Rate of coding stratified by demographics
Counts and rates of long-COVID coding stratified by demographic factors are presented in Table 2. For age, the incidence of long-COVID recording rose to a peak in the 45–54 years age group, before declining again in older age groups. Females had a higher rate of recording than males (52.1 [95% CI = 51.3 to 52.9] versus 28.1 [95% CI = 27.5 to 28.7] per 100 000 people). Counts of long-COVID recording by IMD and ethnicity are reported in Table 2. Also reported in Table 2 are counts broken down by EHR software provider. Here some similarities and differences in the rates were observed; the proportions of events for age and sex are fairly comparable whereas region, IMD, and ethnicity show some differences.
Geographic and practice distribution of coding
The rate of coding varied substantially between regions (Table 2), from a minimum proportion of 20.3 per 100 000 people in the East of England (95% CI = 19.3 to 21.4) to 55.6 in London (95% CI = 54.1 to 57.1). Given that EMIS practices overall had higher rates of recording than TPP, some of this geographic variation may be related to the EHR software provider. For example, EMIS covers a high proportion of the London population, whereas TPP covers a high proportion of the East of England (Table 1).
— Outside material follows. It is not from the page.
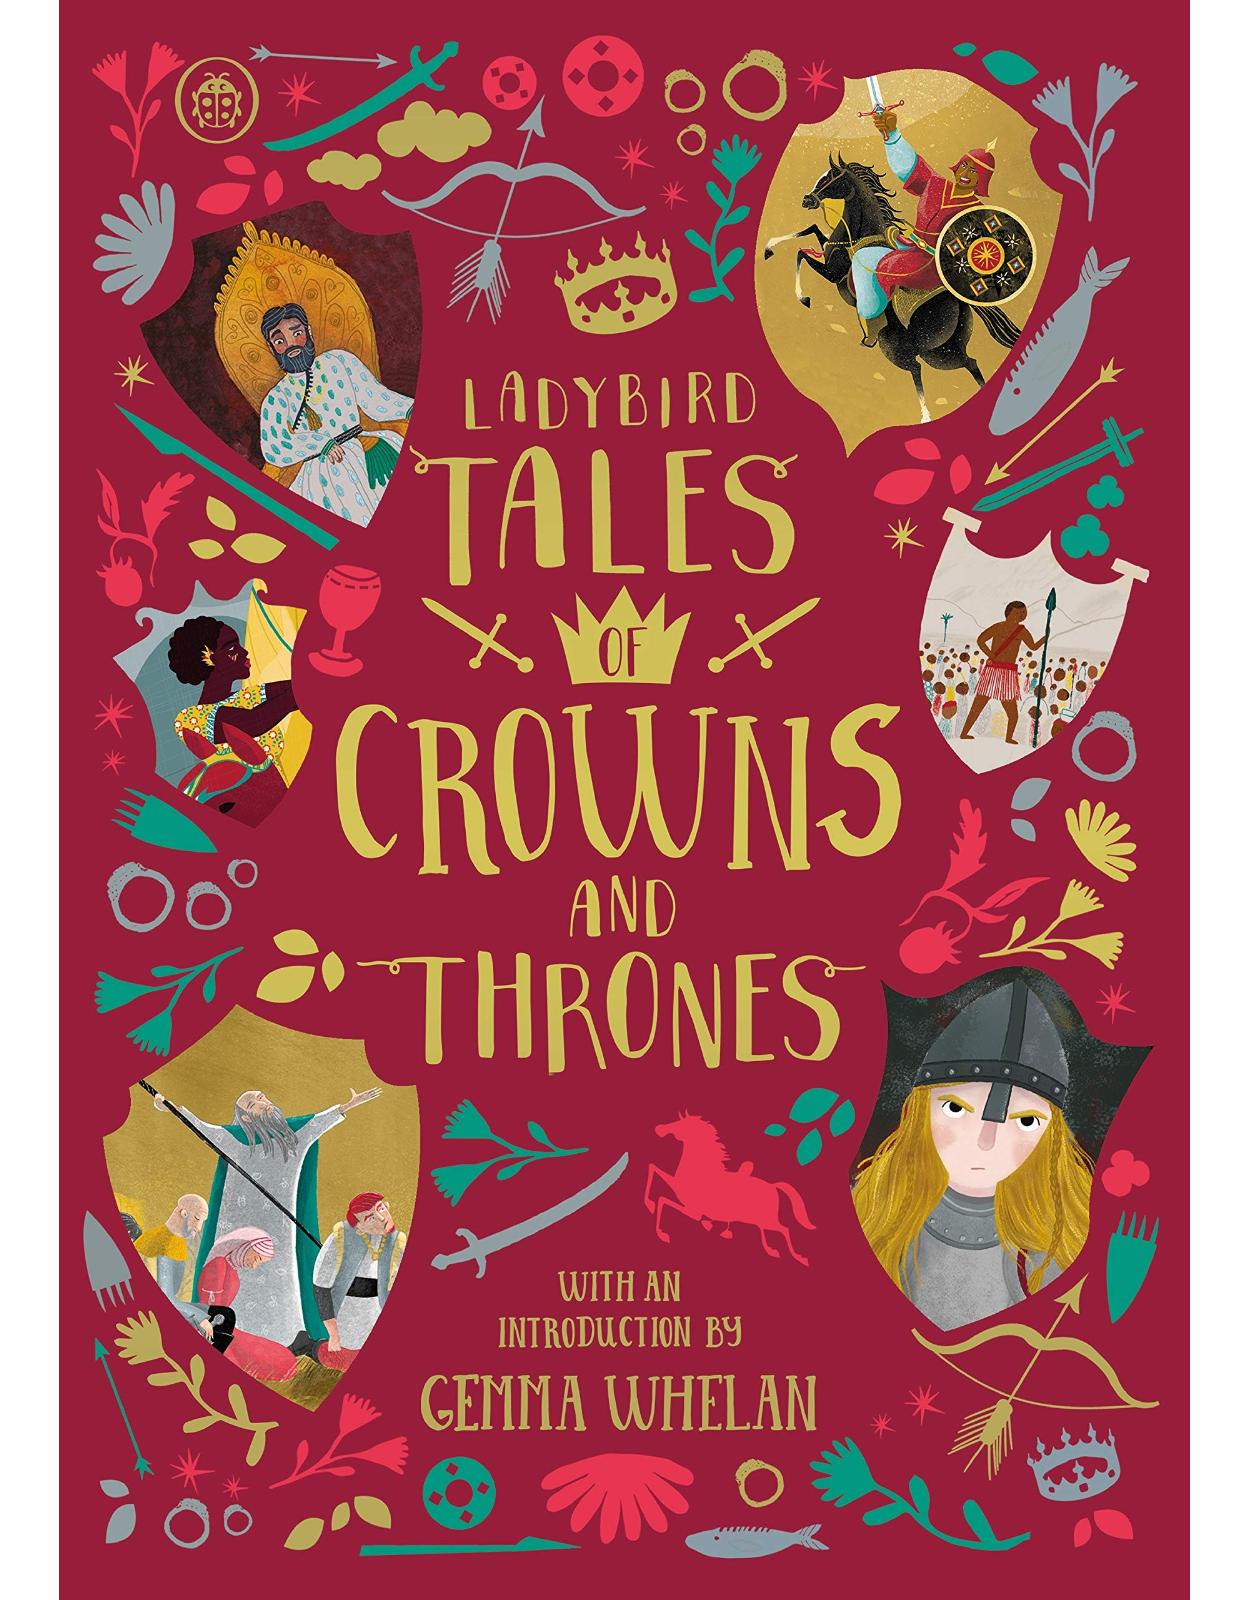 Ladybird Tales of Crowns and Thrones: With an Introduction From Gemma Whelan (Ladybird Tales of... Treasuries)

Over one-quarter (26.7%) of practices have not used the codes at all (data not shown). This proportion is much higher in practices using TPP (44.2%) than those using EMIS (15.1%) (Figure 1). The distribution is described more fully in Figure 1. The highest number of codes in a single practice was 150 (data not shown).
Figure 1.
Volume of code use in individual practices, stratified by the electronic health record provider of the practice (TPP/SystmOne or EMIS).
Rate of coding over time
The number of recorded events was relatively low until the end of January 2021, after which there was an increase in coding (Figure 2). This increase was more marked in EMIS practices, which before that time had recorded fewer long-COVID codes overall than TPP practices. It was very infrequent to find records that had been backdated to before November 2020 when the codes were created, with <0.1% of codes coded as occurring before November 2020 (data not shown).
Figure 2.
Use of long-COVID codes over time, stratified by the electronic health record provider of the practice (TPP/SystmOne or EMIS). Reporting lag may affect recent dates.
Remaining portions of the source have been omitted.